# Question on planar graphs

• Apr 8th 2009, 09:09 AM
titandude21
Question on planar graphs
i'm stuck on this proof:
prove that any planar graph with very vertex having degree 5 has at least 12 vertices.

a planar graph G with all v vertices with degree 5 has 5v/2 edges
Euler's formula states that vertices - edges + faces = 2
so there are 3v/2 + 2 faces in G

I'm not sure how to get the # of faces in G, or whether it's relevant to the problem.

also this one:
show that a plane graph with v>=3 vertices has at most 2v - 4 edges

any help is appreciated.
• Apr 8th 2009, 10:35 AM
Opalg
Quote:

Originally Posted by titandude21
prove that any planar graph with very vertex having degree 5 has at least 12 vertices.

a planar graph G with all v vertices with degree 5 has 5v/2 edges
Euler's formula states that vertices - edges + faces = 2
so there are 3v/2 + 2 faces in G

I'm not sure how to get the # of faces in G, or whether it's relevant to the problem.

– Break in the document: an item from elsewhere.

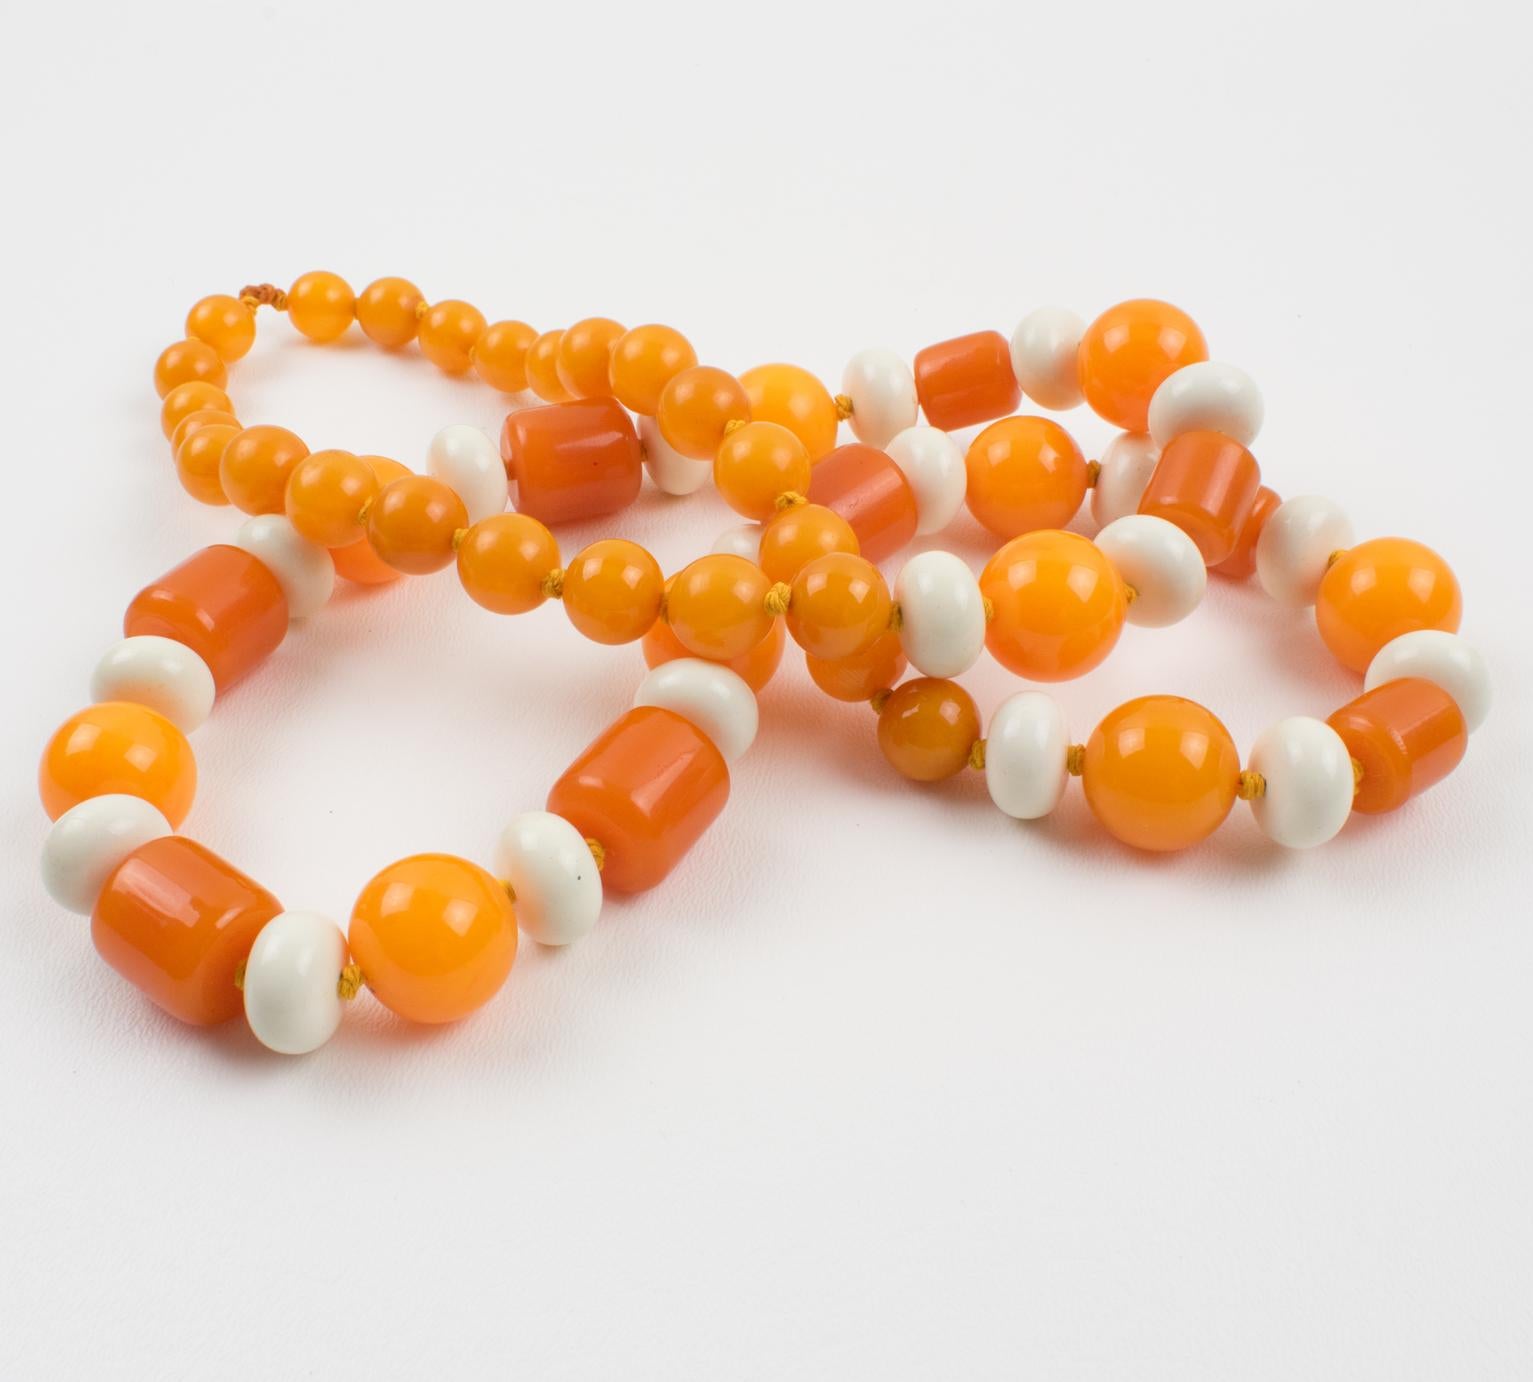 Bakelite and Lucite Long Necklace Orange and White Colors For Sale 4

Every face must have at least 3 edges, and each edge is shared between 2 faces. So \$\displaystyle 2\bigl(\tfrac{5v}2\bigr)\geqslant3\bigl(\tfrac{3v} 2+2\bigr)\$.

Quote:

Originally Posted by titandude21
also this one:
show that a plane graph with v>=3 vertices has at most 2v - 4 edges

Not true. For example, the graph of a tetrahedron has 4 vertices and 6 edges (see attached image). What is true is that a plane graph with \$\displaystyle v\geqslant 3\$ vertices has at most 3v - 6 edges. The proof is the same as for the previous result: \$\displaystyle 2e\geqslant3f\$ together with \$\displaystyle v+f=e+2\$.